107	   The key words "MUST", "MUST NOT", "REQUIRED", "SHALL", "SHALL NOT",
108	   "SHOULD", "SHOULD NOT", "RECOMMENDED", "MAY", and "OPTIONAL" in this
109	   document are to be interpreted as described in [RFC2119].

111	   For a comprehensive treatment of DNS terms, please see [RFC7719].

113	3.  Description

115	   Three notable timers drive considerations for the use of stale data,
116	   as follows:

118	   o  A client response timer, which is the maximum amount of time a
119	      recursive resolver should allow between the receipt of a
120	      resolution request and sending its response.

122	   o  A query resolution timer, which caps the total amount of time a
123	      recursive resolver spends processing the query.

125	   o  A maximum stale timer, which caps the amount of time that records
126	      will be kept past their expiration.

128	   Recursive resolvers already have the second timer; the first and
129	   third timers are new concepts for this mechanism.

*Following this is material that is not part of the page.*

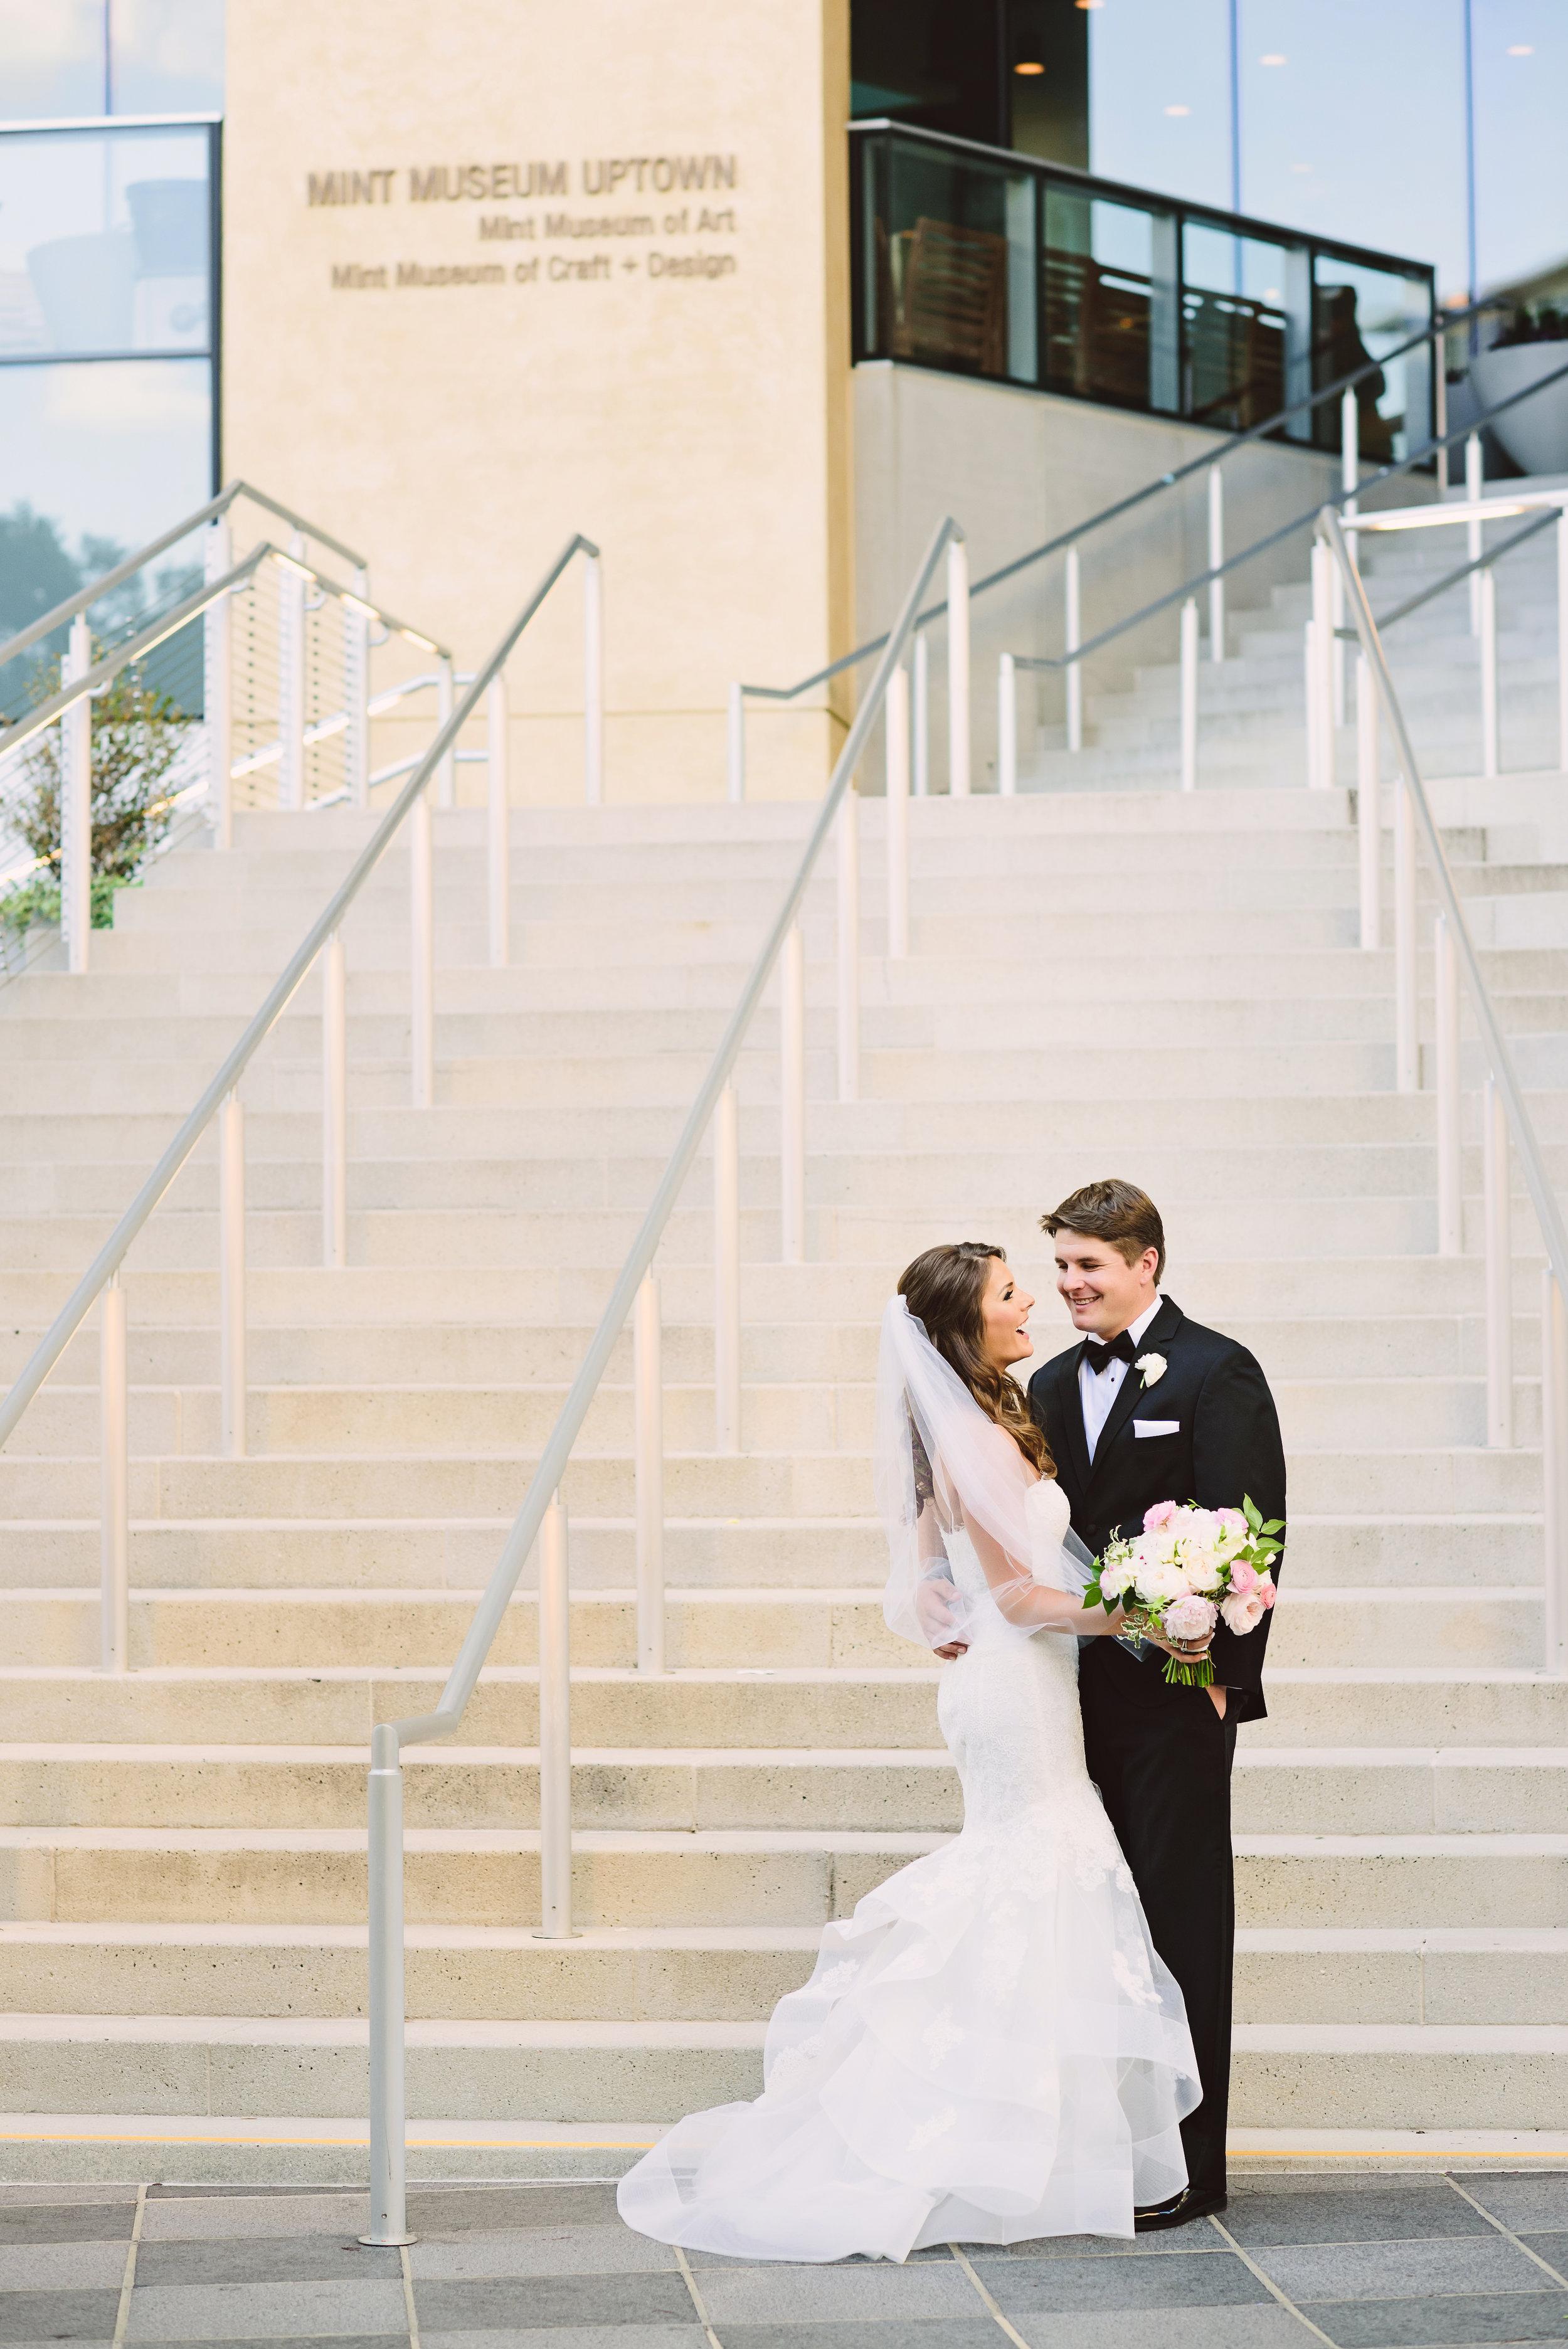 Monique Lhuillier wedding dress, Black tie wedding, Lace wedding dress, Wedding hair style, Veil, Uptown Charlotte Wedding venue, Mint Museum Uptown wedding in Charlotte, North Carolina by The Graceful Host
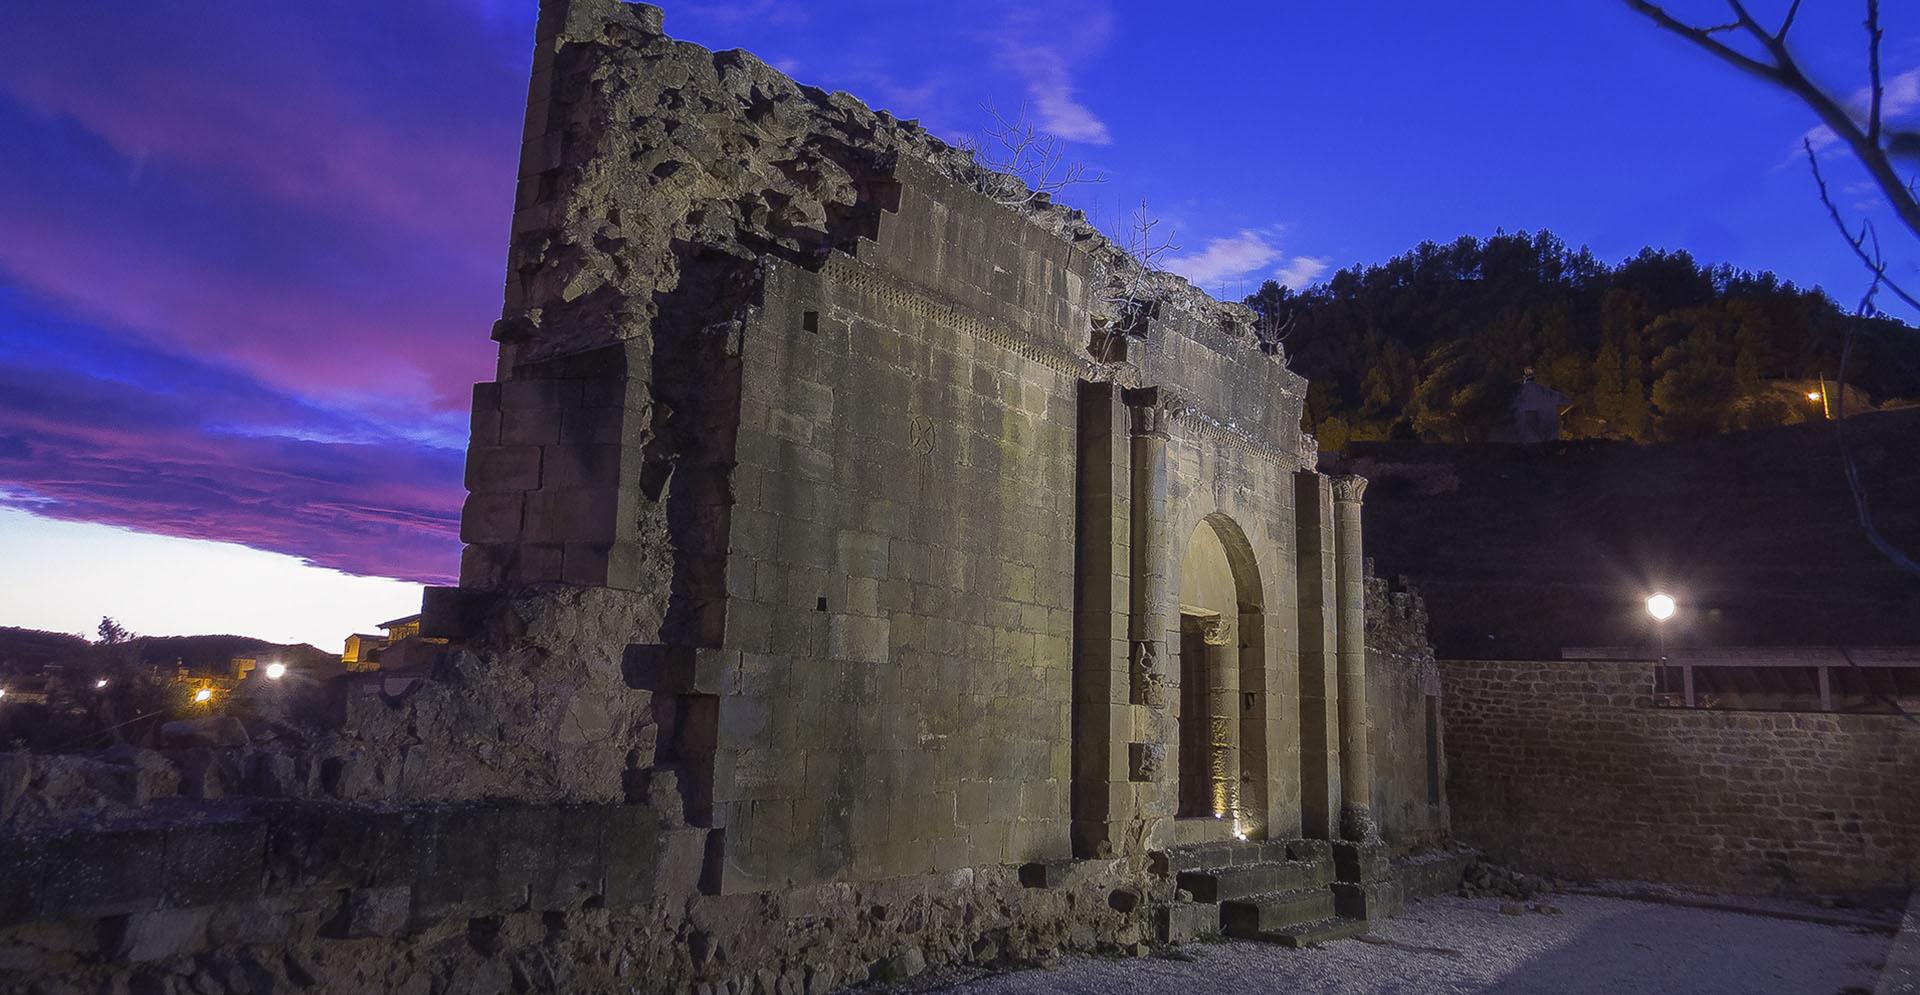 Atardecer en las ruinas de la Iglesia de San Lorenzo de Uncastillo

131	   When a request is received by the recursive resolver, it SHOULD start
132	   the client response timer.  This timer is used to avoid client
133	   timeouts.  It SHOULD be configurable, with a recommended value of 1.8
134	   seconds.

136	   The resolver then checks its cache for an unexpired answer.  If it
137	   finds none and the Recursion Desired flag is not set in the request,
138	   it SHOULD immediately return the response without consulting the
139	   cache for expired records.

141	   If iterative lookups will be done, it SHOULD start the query
142	   resolution timer.  This timer bounds the work done by the resolver,
143	   and is commonly around 10 to 30 seconds. [ BIND 9 used to use a hard-
144	   coded constant of 30 seconds and has more recently added a
145	   configuration parameter that defaults to 10 seconds and is capped at
146	   30.  A rigorous exploration of other implementations has not yet been
147	   done. ]

149	   If the answer has not been completely determined by the time the
150	   client response timer has elapsed, the resolver SHOULD then check its
151	   cache to see whether there is expired data that would satisfy the
152	   request.  If so, it adds that data to the response message and SHOULD
153	   set the TTL of each expired record in the message to 1 second.  The
154	   response is then sent to the client while the resolver continues its
155	   attempt to refresh the data.  1 second was chosen because
156	   historically 0 second TTLs have been problematic for some
157	   implementations.  It not only sidesteps those potential problems with
158	   no practical negative consequence, it would also rate limit further
159	   queries from any client that is honoring the TTL, such as a
160	   forwarding resolver.

162	   The maximum stale timer is used for cache management and is
163	   independent of the query resolution process.  This timer is
164	   conceptually different from the maximum cache TTL that exists in many
165	   resolvers, the latter being a clamp on the value of TTLs as received
166	   from authoritative servers.  The maximum stale timer SHOULD be
167	   configurable, and defines the length of time after a record expires
168	   that it SHOULD be retained in the cache.  The suggested value is 7
169	   days, which gives time to notice the resolution problem and for human
170	   intervention for fixing it.

172	   This same basic technique MAY be used to handle stale data associated
173	   with delegations.  If authoritative server addresses are not able to
174	   be refreshed, resolution can possibly still be successful if the
175	   authoritative servers themselves are still up.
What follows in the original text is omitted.